My experience have been that changes don't work properly (at least for us) and we ended by uninstall the gateway, rebooting all nodes and installing the gateway again to properly handle new base configurations

tboerger avatar Mar 25 '25 14:03 tboerger

Hi, please check if the Egress Tunnels can access each other:

kubectl get EgressTunnel

lou-lan avatar Mar 26 '25 04:03 lou-lan

@lou-lan .. here is the output ..

[svc_dms_admin@a0420tnedmsk8m01 calico_yamls]$ kubectl get egresstunnel -o yaml
apiVersion: v1
items:
- apiVersion: egressgateway.spidernet.io/v1beta1
  kind: EgressTunnel
  metadata:
    creationTimestamp: "2025-03-24T13:46:45Z"
    finalizers:
    - egressgateway.spidernet.io/egresstunnel
    generation: 1
    name: a0420tnedmsk8m01.grameenphone.com
    resourceVersion: "4818652"
    uid: aa47d4c7-b0fe-4954-a9a3-870a5d9cd318
  spec: {}
  status:
    lastHeartbeatTime: "2025-03-24T13:46:45Z"
    mark: "0x26436ff2"
    phase: Ready
    tunnel:
      ipv4: 192.200.121.210
      mac: 66:f3:37:7a:aa:26
      parent:
        ipv4: 10.18.162.134
        name: ens192
- apiVersion: egressgateway.spidernet.io/v1beta1
  kind: EgressTunnel
  metadata:
    creationTimestamp: "2025-03-24T13:46:45Z"
    finalizers:
    - egressgateway.spidernet.io/egresstunnel
    generation: 1
    name: a0420tnedmsk8w01.grameenphone.com
    resourceVersion: "4818667"
    uid: abb2b9ea-5b36-462c-9e3f-073d267efb64
  spec: {}
  status:
    lastHeartbeatTime: "2025-03-24T13:46:46Z"
    mark: "0x268157a6"
    phase: Ready
    tunnel:
      ipv4: 192.200.151.60
      mac: 66:2b:ef:14:19:78
      parent:
        ipv4: 10.18.162.135
        name: ens192
- apiVersion: egressgateway.spidernet.io/v1beta1
  kind: EgressTunnel
  metadata:
    creationTimestamp: "2025-03-24T13:46:45Z"
    finalizers:
    - egressgateway.spidernet.io/egresstunnel
    generation: 1
    name: a0420tnedmsk8w02.grameenphone.com
    resourceVersion: "4818666"
    uid: ff49cc05-03a1-4e91-a020-dad905f8073d
  spec: {}
  status:
    lastHeartbeatTime: "2025-03-24T13:46:46Z"
    mark: "0x26546c92"
    phase: Ready
    tunnel:
      ipv4: 192.200.69.19
      mac: 66:2a:5d:65:40:23
      parent:
        ipv4: 10.18.162.136
        name: ens192
- apiVersion: egressgateway.spidernet.io/v1beta1
  kind: EgressTunnel
  metadata:
    creationTimestamp: "2025-03-24T13:46:45Z"
    finalizers:
    - egressgateway.spidernet.io/egresstunnel
    generation: 1
    name: a0420tnedmsk8w03.grameenphone.com
    resourceVersion: "4818665"
    uid: de4ccd14-39af-4a22-a0da-e401868c1496
  spec: {}
  status:
    lastHeartbeatTime: "2025-03-24T13:46:46Z"
    mark: "0x2610c890"
    phase: Ready
    tunnel:
      ipv4: 192.200.15.12
      mac: 66:a9:54:7d:1d:84
      parent:
        ipv4: 10.18.162.137
        name: ens192
kind: List
metadata:
  resourceVersion: ""

saibaldey avatar Mar 26 '25 04:03 saibaldey

My experience have been that changes don't work properly (at least for us) and we ended by uninstall the gateway, rebooting all nodes and installing the gateway again to properly handle new base configurations

Thanks @tboerger for sharing your experience. We will do needful & share the results.

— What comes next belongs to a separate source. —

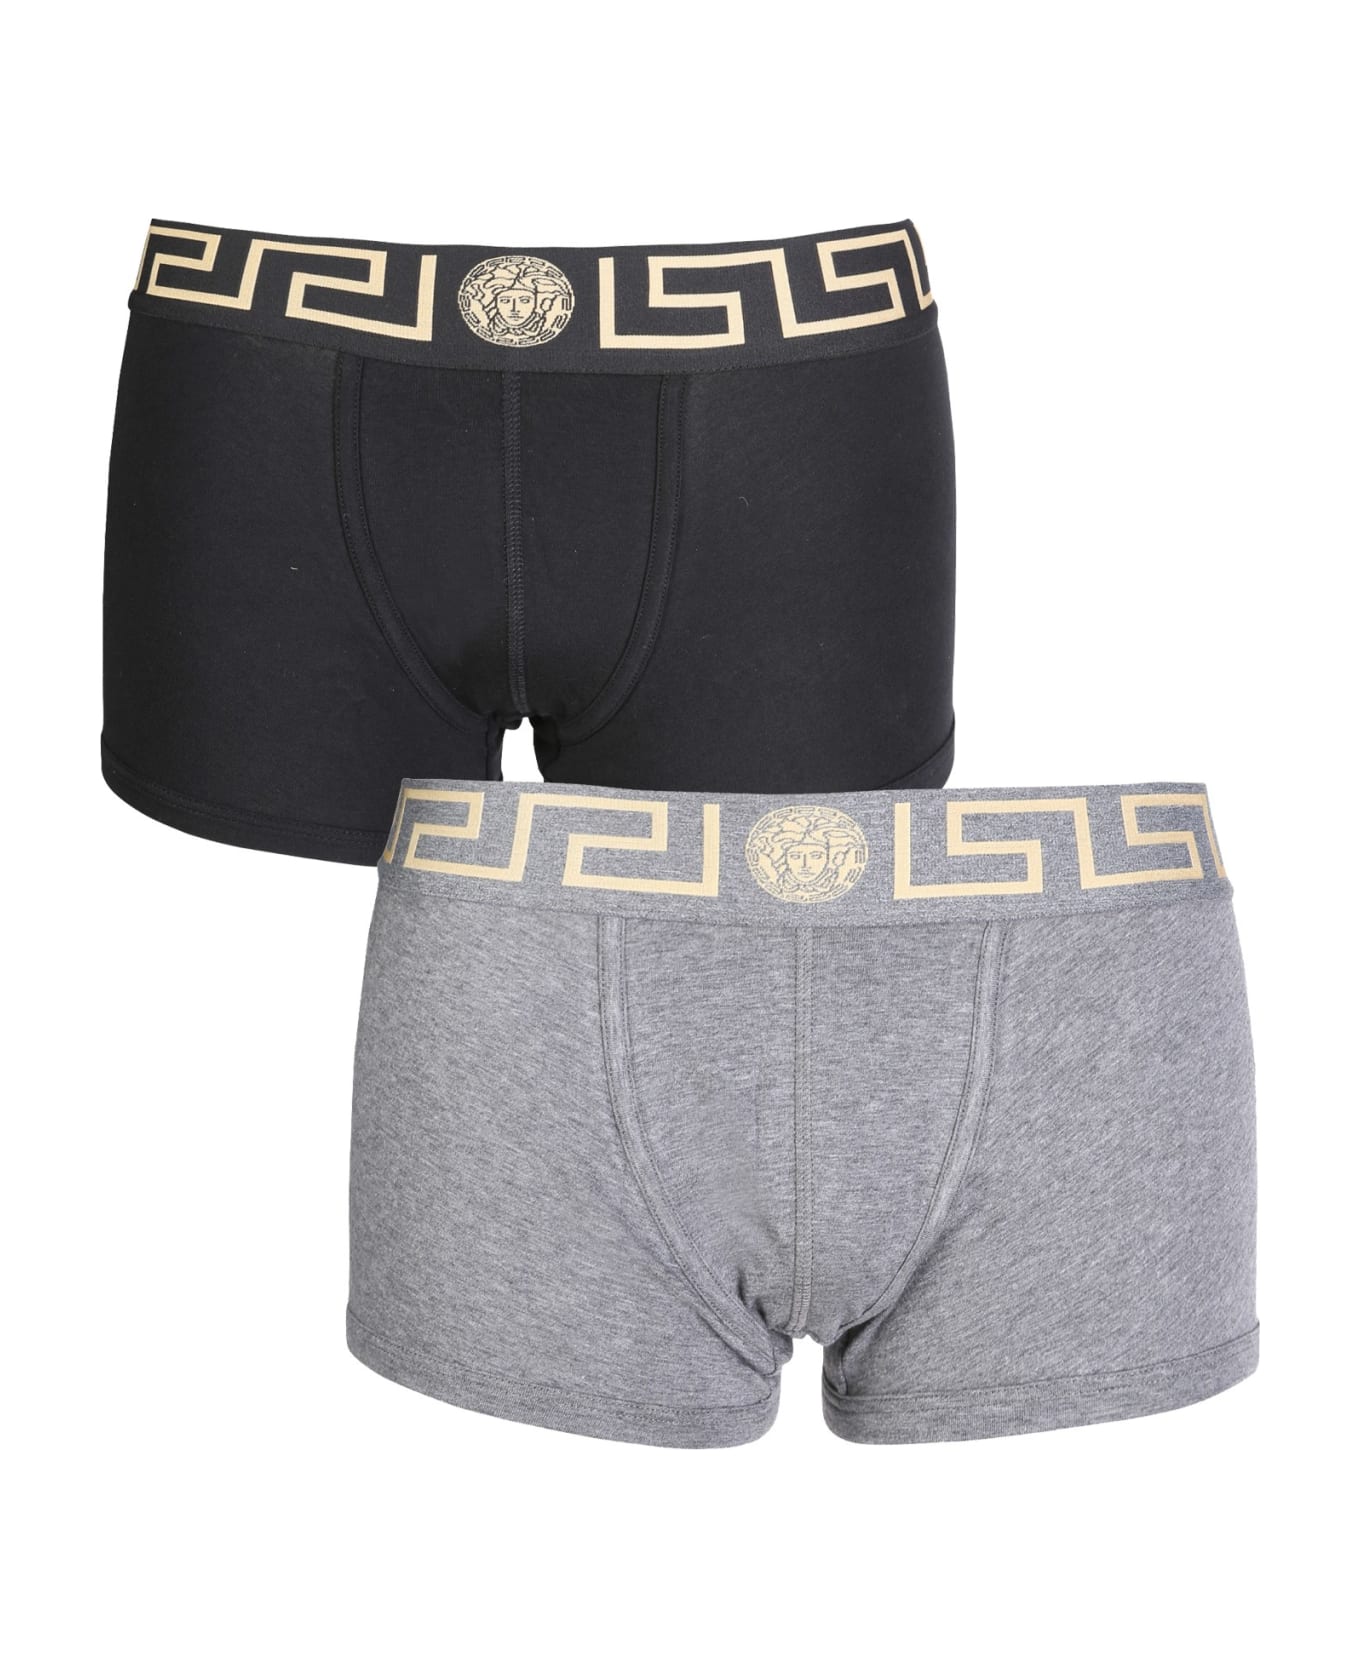 Versace Pack Of Two Boxer Shorts With Greek - NERO GRIGIO

saibaldey avatar Mar 26 '25 04:03 saibaldey

Just to update, we were able to reproduce the issue in another environment & now we are sure the root cause is multiple interface. With just single interface, things are working fine & when having multiple interface, the pods on the non-egress nodes are not able to reach the external resources. FYI @tboerger / @lou-lan

saibaldey avatar Mar 26 '25 12:03 saibaldey

My experience have been that changes don't work properly (at least for us) and we ended by uninstall the gateway, rebooting all nodes and installing the gateway again to properly handle new base configurations

Thanks @tboerger for sharing your experience. We will do needful & share the results.

even after reboot it is still the same @tboerger

saibaldey avatar Mar 26 '25 12:03 saibaldey

Any update @tboerger @lou-lan @weizhoublue @yankay on this issue? Just confirm if this solution supports VMs with multiple interfaces, so that we can wait, else will explore other options.

saibaldey avatar Apr 10 '25 15:04 saibaldey

I'm not really involved in this project beside some tiny contribution.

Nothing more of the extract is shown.